In my observation, men and women often make classic mistakes in relating to each other. In one respect, that's surprising–surprising insofar as these are classic mistakes. You'd think men and women could avoid repeating classic mistakes. Because they're such cliches, they ought to be well-known. Why not learn from other people's mistakes? Many parents make classic mistakes as well. Once again, why not learn from other people's mistakes instead of recycling the same counterproductive strategies?
One problem is that many men and women just assume they should be able to automatically understand the other sex. But of course, male and female psychology are different, so that's a risky assumption. Many men and women would benefit from acting like animals trainers. An animal trainer has to master the psychology of whatever species he trains. Or, to take a more dramatic example, there are naturalists who study wolf packs in the wild. Some do it immersively by becoming a member of the pack. They have to learn to think like a wolf. Anticipate how wolves react. Understand visual cues. Submissive and dominance behavior. Play by the rules of the wolf pack since the wolves won't play by their rules. Deborah Tannen wrote a classic book on how men and women frequently talk past each other.

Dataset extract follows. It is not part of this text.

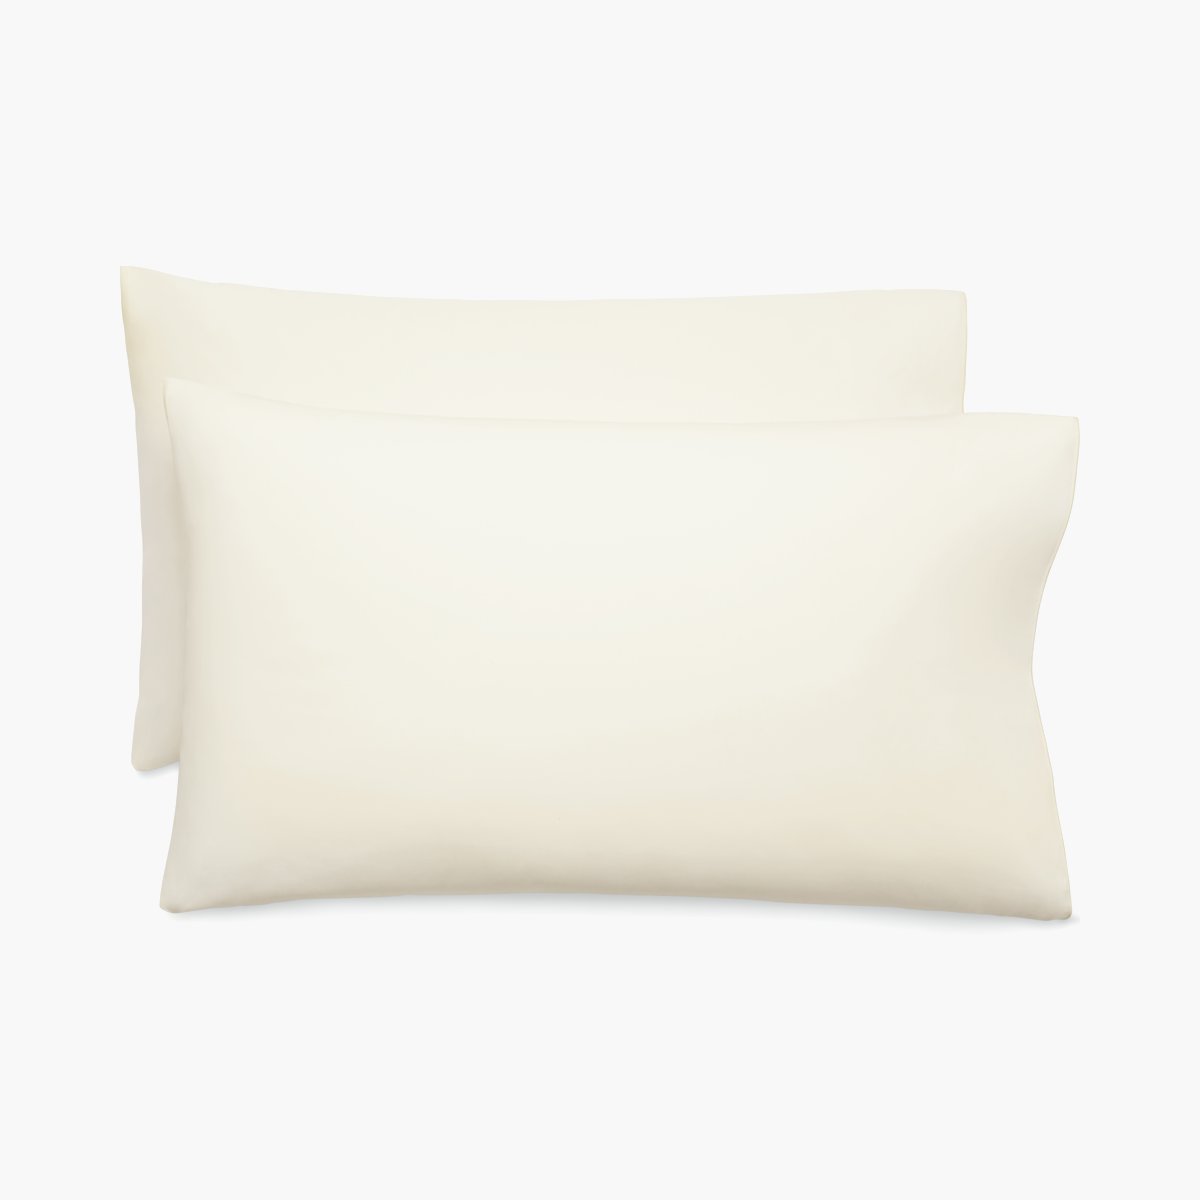 DWR Pillowcase Pair - Percale
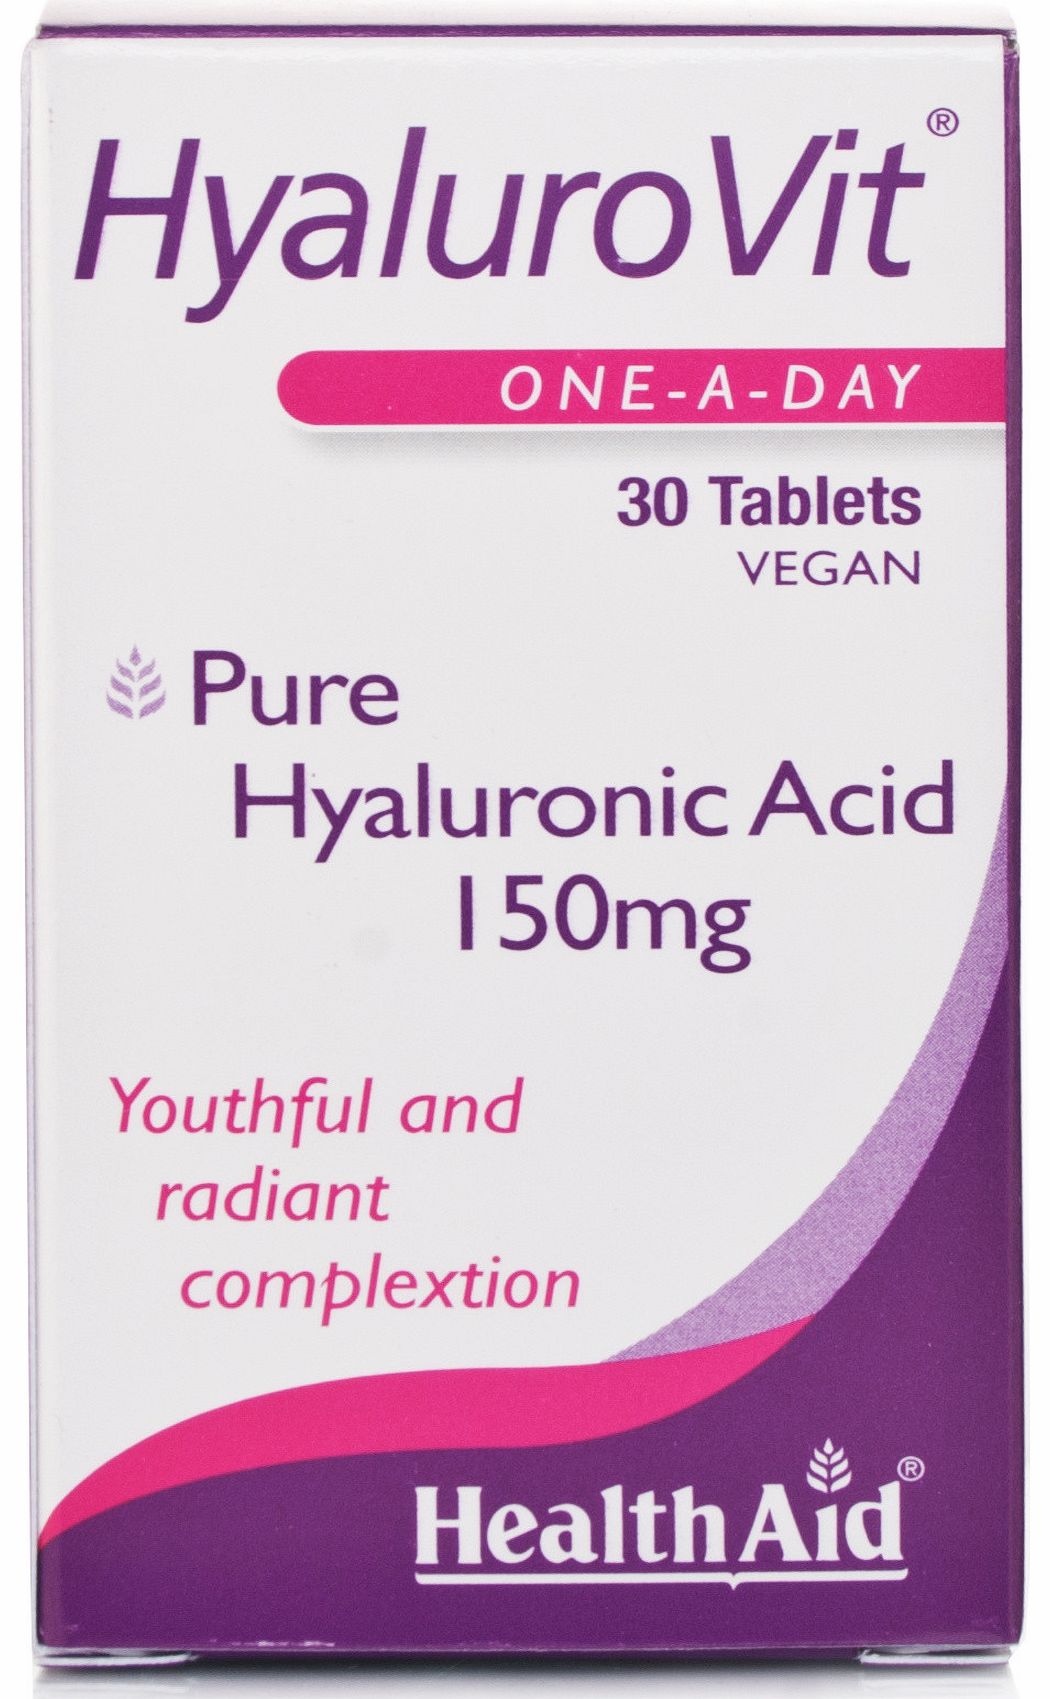 HyaluroVit tablets

A stereotypical mistake some husbands make is to neglect the marriage. The ambitious, workaholic father and husband who puts career first.
I haven't read his new book, but to judge by reviews, Jordan Peterson gives younger men a Stoic, pull-yourself-up-by-the-bootstraps pep talk. That might be useful for some men, but it's my impression that it's becoming genuinely harder for many men to succeed in our society. So just telling them to buck up isn't necessarily a solution.
In my anecdotal observation, some women have two conflicting impulses, but they haven't thought about it clearly. They haven't considered the endgame. On the one hand, they don't want to be alone for the rest of their lives. They don't want to be divorcées or single moms.
On the other hand, when they get mad at the boyfriend or husband, they want to get even. "He hurt me so I'm going to hurt him back!" Revenge is emotionally satisfying up-to-a-point. Indeed, it can become all-absorbing. But the utterly predictable effect is to alienate the husband from the wife. That drives the husband further away.
Another cliche example is winning arguments by dredging up the past. Keeping a record of grudges. A list of his (real or perceived) slights and failures. That might succeed in silencing the guy, but it makes him resentful, so is it worth it? What's the endgame?
Marriages are fragile. There's not the built-in bond between parents and kids, or siblings. There's not even the natural rapport in male friendships or female friendships, where friends understand each other because they think alike. Men think alike. Women think alike.
As a result, marriage can't survive the same degree of emotional punishment. The problem is not so much that couples cease to love each other but that couples cease to like each other. In a marriage gone bad, they go from liking each other to loving each other to disliking each other. Once you develop a dislike for someone you used to like, that's very hard to overcome. A classic example is the philandering husband.
If you pour defoliant on a marriage to win an argument, that may sterilize the ground. The flowers won't come back.
There's nothing necessarily wrong with winning the argument. It's a matter of how you do it.
Some women need to decide whether they wish to save the marriage or give into revenge. They can't do both. Those are divergent paths. If they wish to save the marriage, they must let go of the rage. They must choose. They must decide that marriage is more important than the emotional satisfaction of venting.
Women are prone to psychological warfare anyway (e.g. teenage girls and cyberbullying), and some of them learn too late that when they practice slash-n-burn tactics, they are raining down napalm and Agent Orange on their own lives in the process.
The counterpart is the drunk, abusive boyfriend or husband. One of the mysteries of marriages is the variety. Some women stick with abject losers while other women walk out on devoted husbands. Some couples are utterly devoted to each other while some men ditch the workaday wife who put them through college for a trophy wive. It's so unpredictable. Such a gamble. Fantastic when it works out, hellish when it doesn't.